WASHINGTON -- Republican senators boycotted a confirmation vote on President Barack Obama's pick to lead the U.S. Environmental Protection Agency on Thursday, saying they were "completely unsatisfied" with answers provided by Gina McCarthy on several topics.
This was the latest tactic in a series of procedural moves by Republicans that have made it difficult for Obama to get his second-term cabinet in place - and achieved what some say is a new record in the number of written questions asked to a nominee.
All eight Republicans on the Senate Environment Committee refused to participate in a scheduled vote on McCarthy, effectively stalling her nomination before it could advance to the next stage - a full Senate vote.
The White House responded with outrage. "The obstruction is reaching new levels of absurdity," Dan Pfeiffer, a top advisor to Obama, said on the social networking site Twitter. Republicans have argued that various EPA rules have hurt jobs and the coal industry because they cost too much to implement, and have accused the agency of not being transparent in its policies.
McCarthy was in charge of developing many of those regulations in her previous job at the EPA. She is well-known by lawmakers and her nomination was applauded by many industries regulated by the EPA.
David Vitter of Louisiana, the ranking Republican on the Senate Environment committee, told reporters the boycott was not related to McCarthy's qualifications but to her refusal to answer questions about transparency within the agency.
Republicans asked her more than 1,000 questions after her official nomination hearing.

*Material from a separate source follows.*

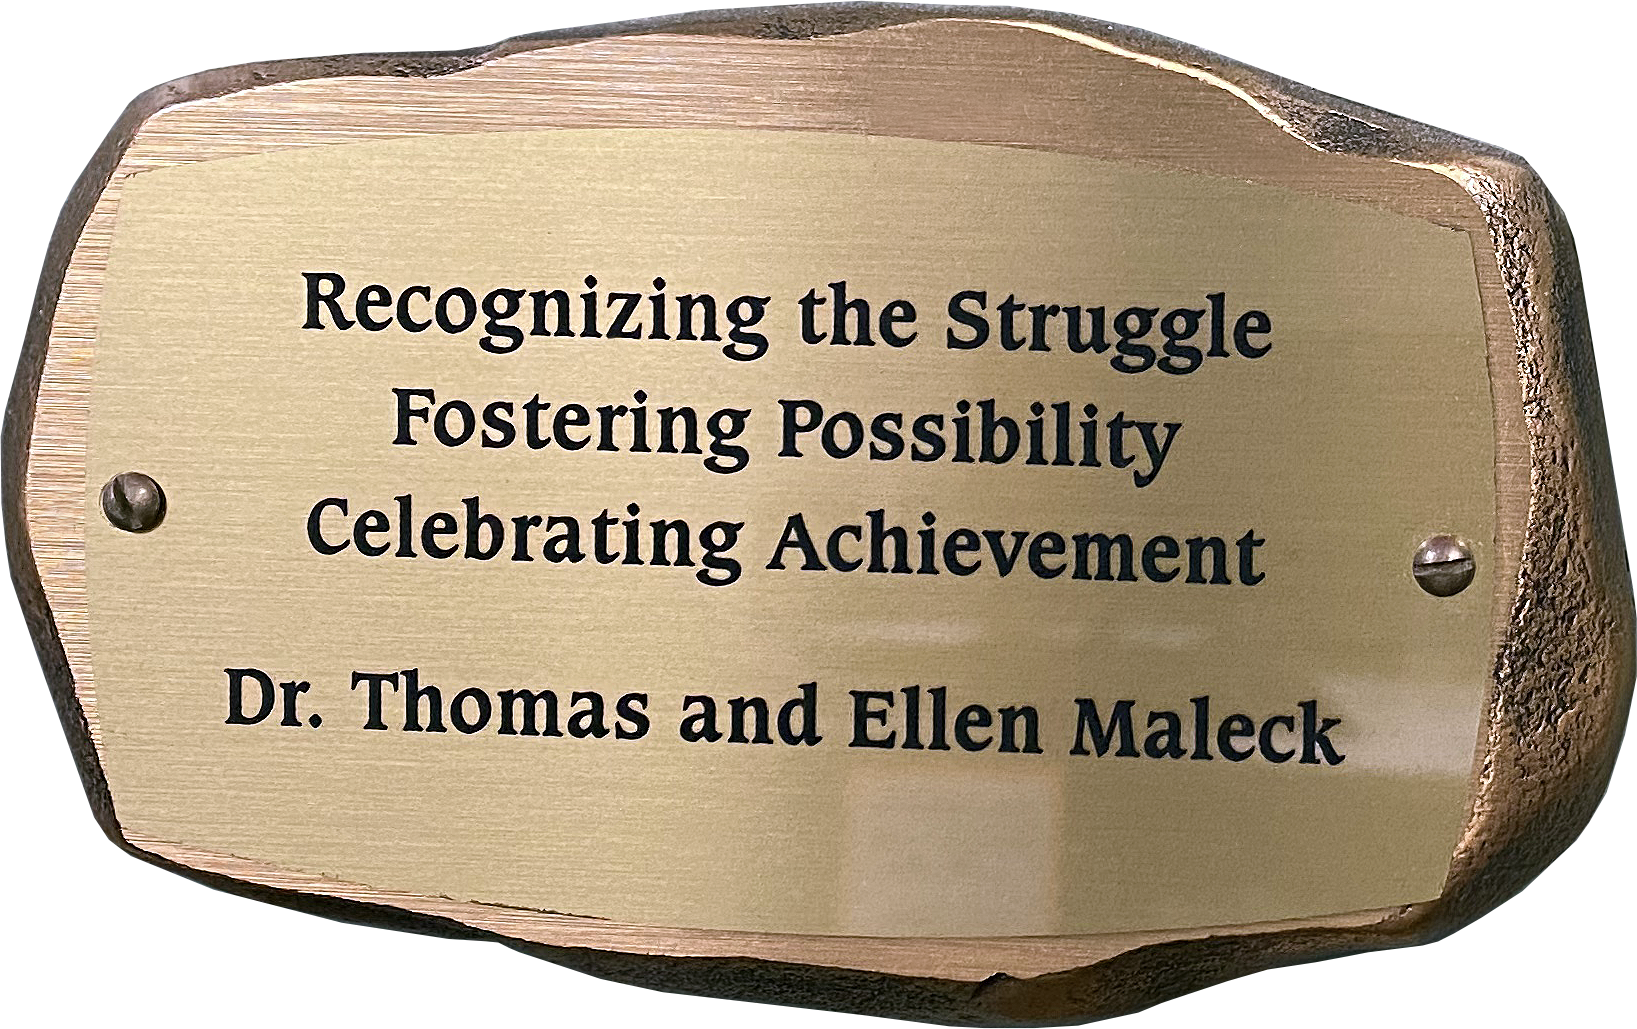 Inscribed bronze plaque in the shape of a rock with text on it reading: Recognizing the Struggle, Fostering Possibility, Celebrating Achievement. Dr. Thomas and Ellen Maleck

In contrast, Republicans asked Lisa Jackson, Obama's first EPA administrator, 118 questions after her nomination hearing, said a Democratic official familiar with the nomination process.
Lawmakers asked Jack Lew, now Treasury Secretary, a total of 462 written questions after his confirmation hearing earlier this year.

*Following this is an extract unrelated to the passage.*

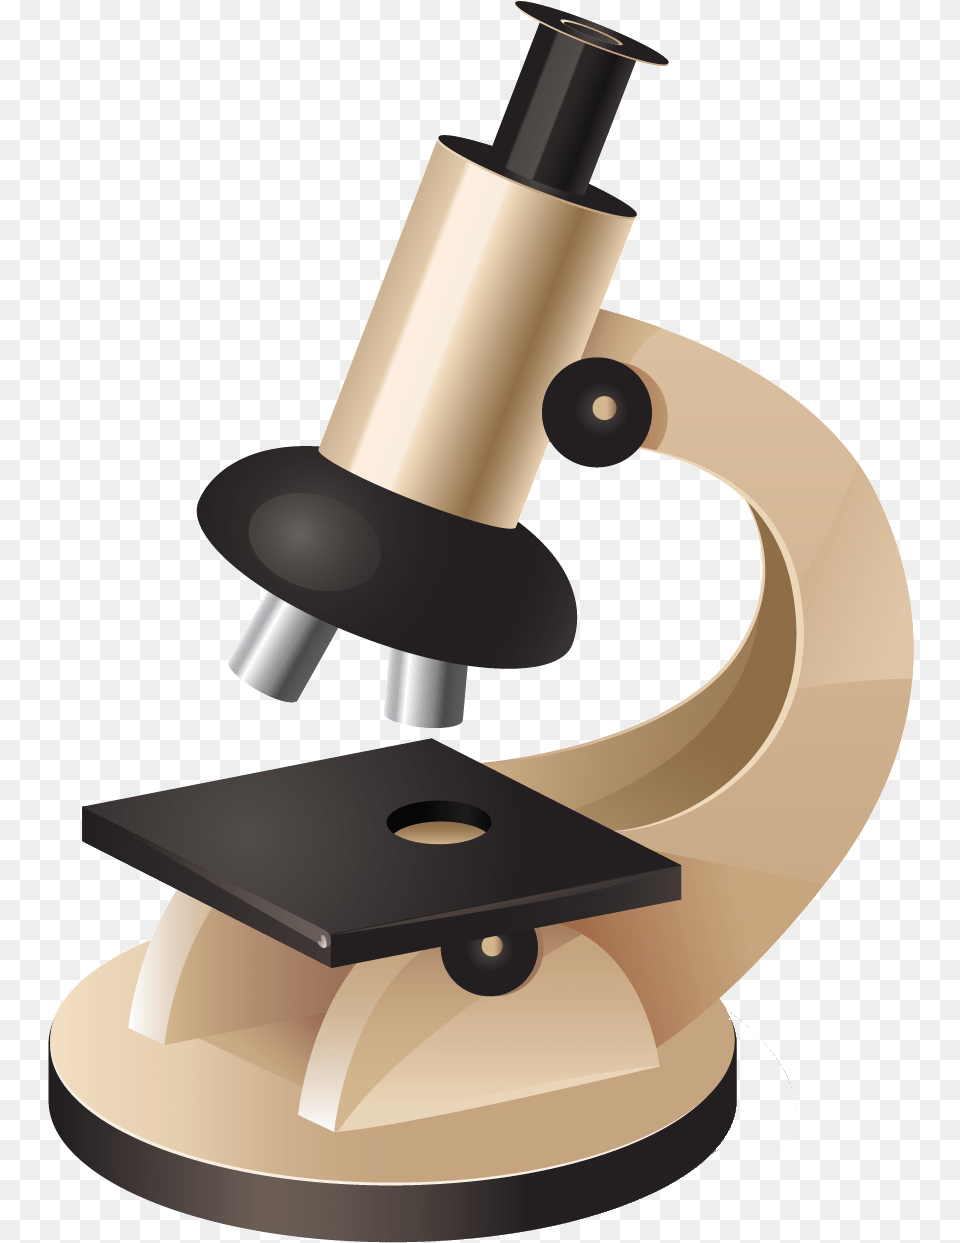 Microscope Clipart Background Microscope Clipart Free Transparent Png

"Part of the goal is to wear down and make untenable the nomination," said George Washington University's Sarah Binder, an expert on Congress, who said in an interview that Obama has had a difficult time getting Senate approval for his cabinet choices compared to previous presidents.
Although the Democratic majority controls the Senate and its committees, congressional rules give some procedural advantages to the minority Republicans enabling them to stall or block legislation and nominees.
The boycott of McCarthy's vote comes a day after Republican senators used an obscure procedural rule to delay a scheduled committee vote on Obama's nominee for labor secretary, Thomas Perez.
The nomination of Ernest Moniz, Obama's pick to head the Energy Department, has also stalled over a dispute with a South Carolina senator about the government's management of a nuclear waste disposal project in the state.
Earlier this year, Defense Secretary Chuck Hagel and Central Intelligence Agency Director John Brennan also had tough work getting Senate confirmation.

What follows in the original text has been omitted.